In the classic experiments that led to a Nobel Prize in 1963 for the nerve impulse mechanism, nerves used a voltage-gated potassium channel (meaning a change in voltage makes it fire) to release potassium ions from an unmyelinated squid giant nerve. Gu and his colleagues initially expected to find such channels at the Nodes of Ranvier. 

However, their earliest experiments confounded that expectation — so much so that they dropped the study for a year. When they added known inhibitors of voltage-gated potassium channels, they saw no significant decrease in the electrical spikes at the Node of Ranvier. That finding challenged dogma, and it meant some other unidentified potassium channel or channels instead were serving as the workhorses at each node.

Possible candidates included three members of a family of 15 proteins known as “leak” potassium channels, which are constitutively open rather than voltage-gated and were known to have large conductance, says Gu, the Edward A. Ernst, M.D., Endowed Professor and director for pain research in the UAB Department of Anesthesiology and Perioperative Medicine’s Division of Molecular and Translational Biomedicine. Gu’s lab found that two of them, TREK-1 and TRAAK, are the active channels in the Nodes of Ranvier. Their tests to show this included the pressure-patch-clamp recording technique the researchers developed for the nodes, along with immunohistochemical, genetic and pharmacological approaches.

Furthermore, the UAB team found that TREK-1 and TRAAK — which are thermosensitive and mechanosensitive two-pore-domain potassium channels — are highly clustered at the nodes of the rat trigeminal A-beta nerve, with a current density that is 3,000-fold higher than that of the cell body.

Leak potassium channels and voltage-gated potassium channels act to repolarize the nerve membrane after a nerve impulse, known as an action potential. TREK-1 and TRAAK in the Nodes of Ranvier acted quite differently from the voltage-gated potassium channels that are found in the cell body, or soma, of the rat nerve. During a stimulation of the soma at 50-times per second, the action potentials that use the voltage-gated potassium channels typically failed. But Gu and colleagues found that action potentials at the Nodes of Ranvier with the “leak” channels showed no significant failures at stimulation frequencies up to 200-times per second.

In other words, the two leak potassium channels allowed very rapid repolarization at the Nodes of Ranvier, and high frequency as well as rapid conductance of the myelinated rat nerves.
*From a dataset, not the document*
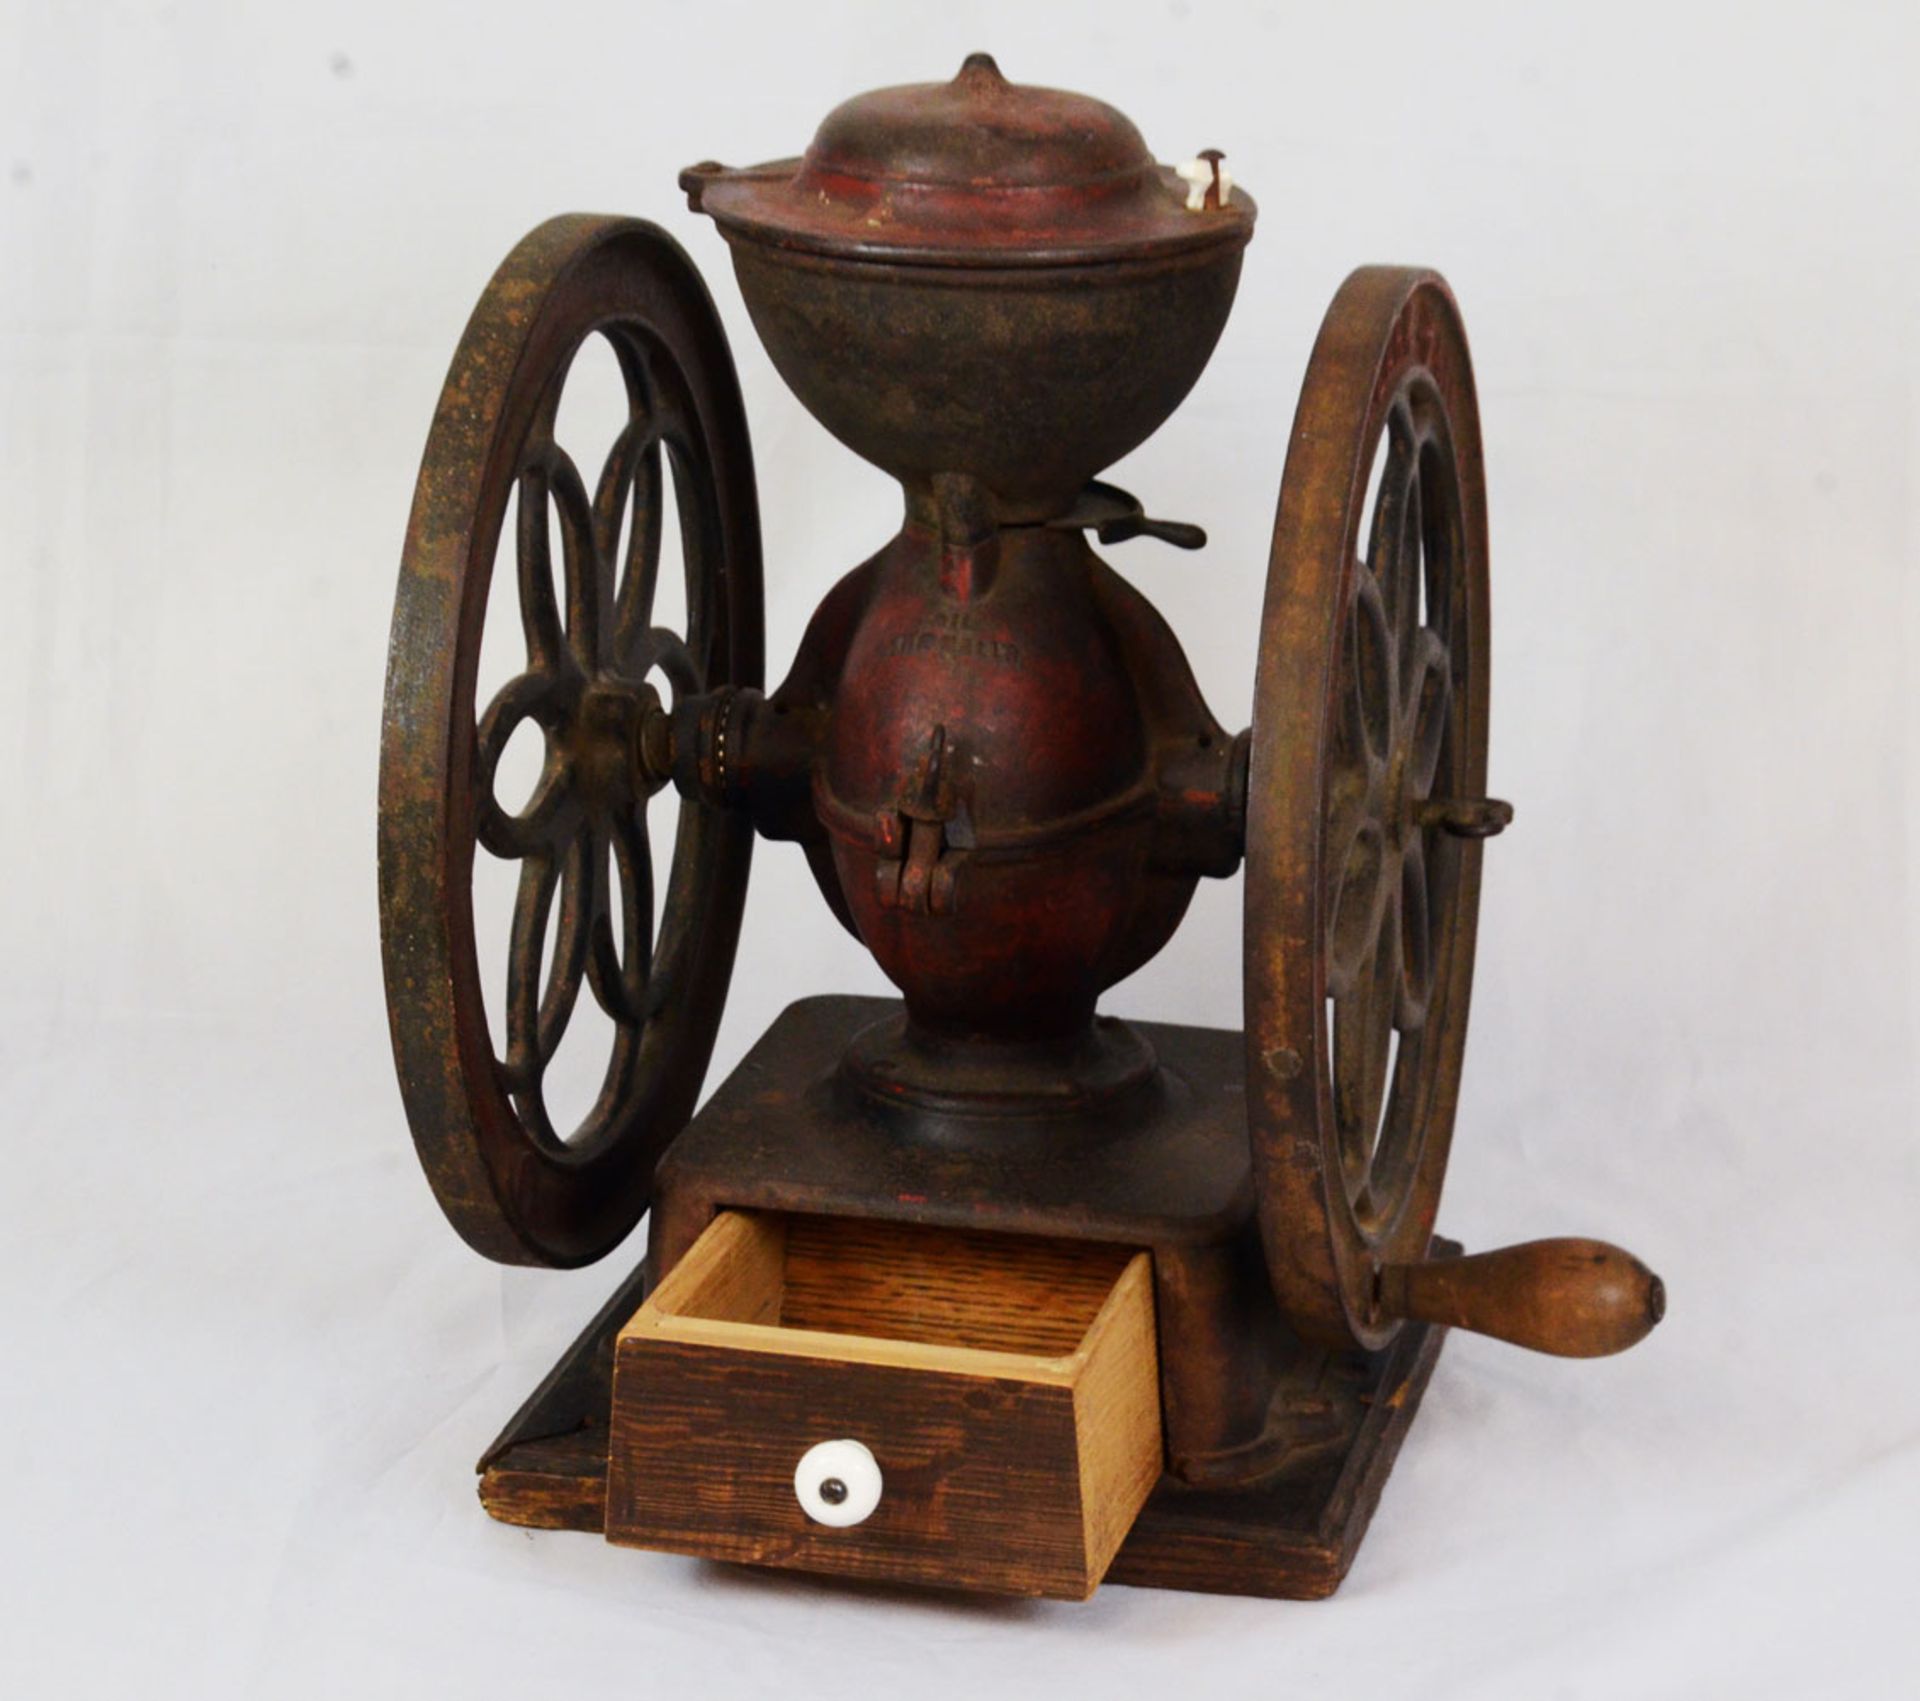 Vintage Landers Fray & Clark coffee grinder

Interestingly, the TREK-1 and TRAAK two-pore-domain potassium channels appeared to form heterodimers in the Nodes of Ranvier.
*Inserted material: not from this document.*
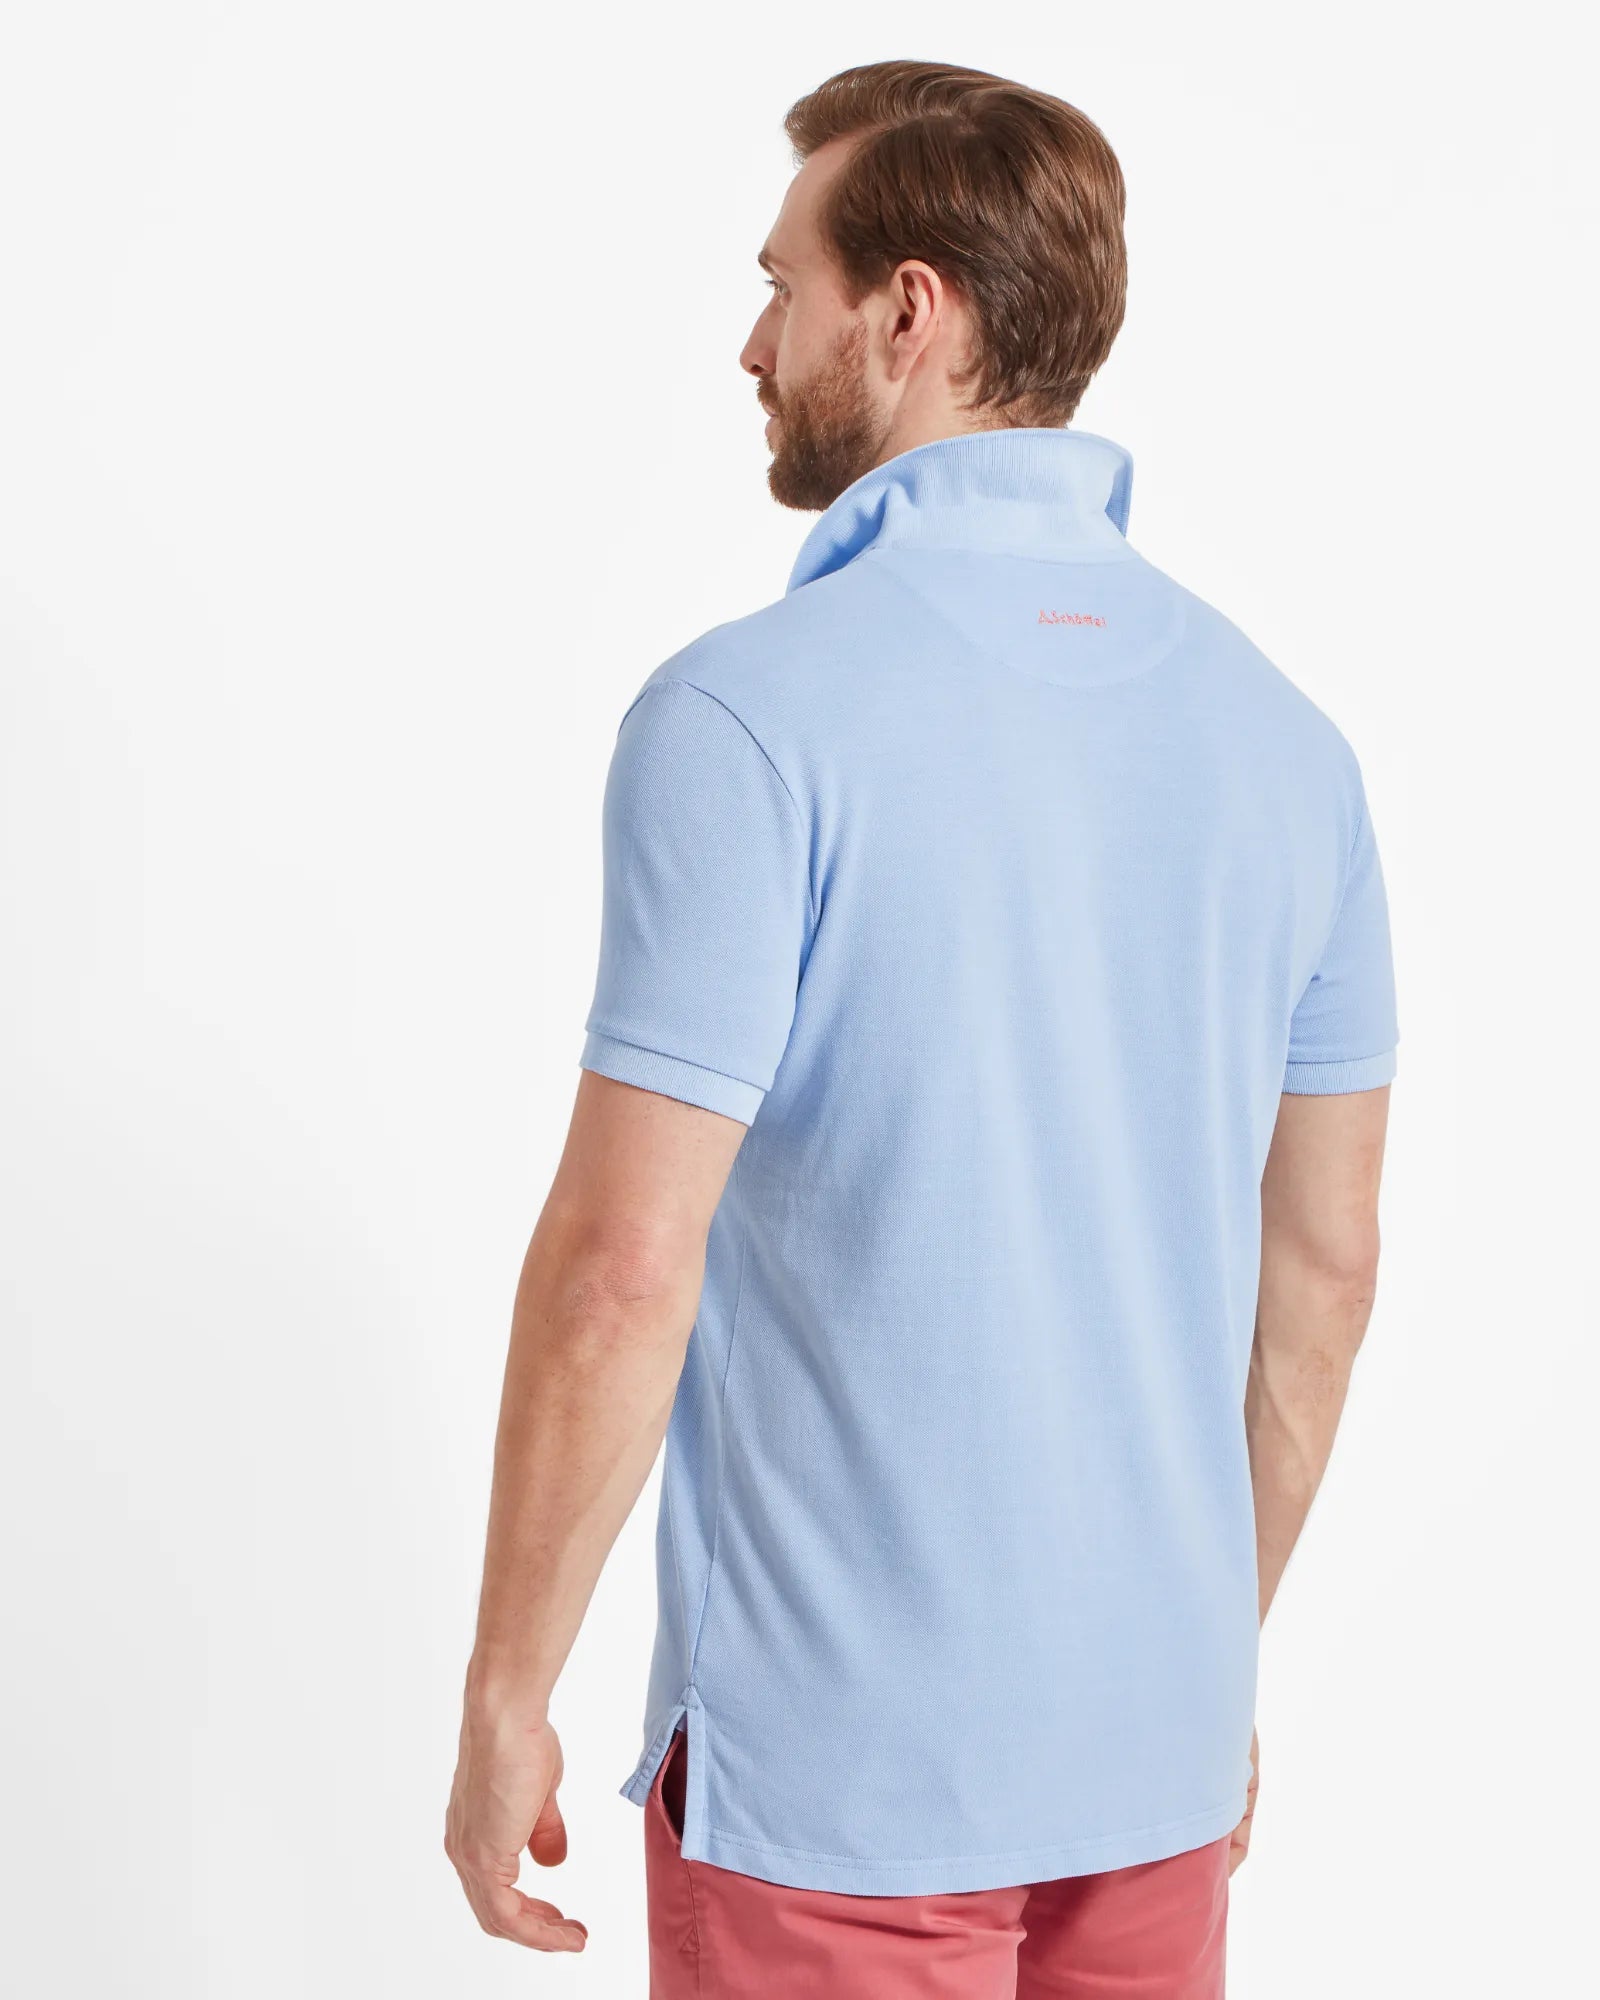 St Ives Pale Blue Pique Polo Shirt

Gu says these new fundamental findings have implications in neurological diseases or conditions where nodal dysfunctions affect action potential conduction. These include carpal tunnel syndrome, Guillain-Barré syndrome, multiple sclerosis, spinal cord injuries and amyotrophic lateral sclerosis.

Co-authors with Gu and Kanda of the paper, “TREK-1 and TRAAK are principal K+ channels at the Nodes of Ranvier for rapid action potential conduction on mammalian myelinated afferent nerves,” are Jennifer Ling, Sotatsu Tonomura and Sadis Matalon, UAB Department of Anesthesiology and Perioperative Medicine; and Koichi Noguchi, Hyogo College of Medicine, Nishinomiya, Japan.

Support came from National Institutes of Health grants DE018661, DE023090 and NS109059 to Gu’s lab.

At UAB, Matalon holds the Alice McNeal, M.D., Endowed Chair in Anesthesiology.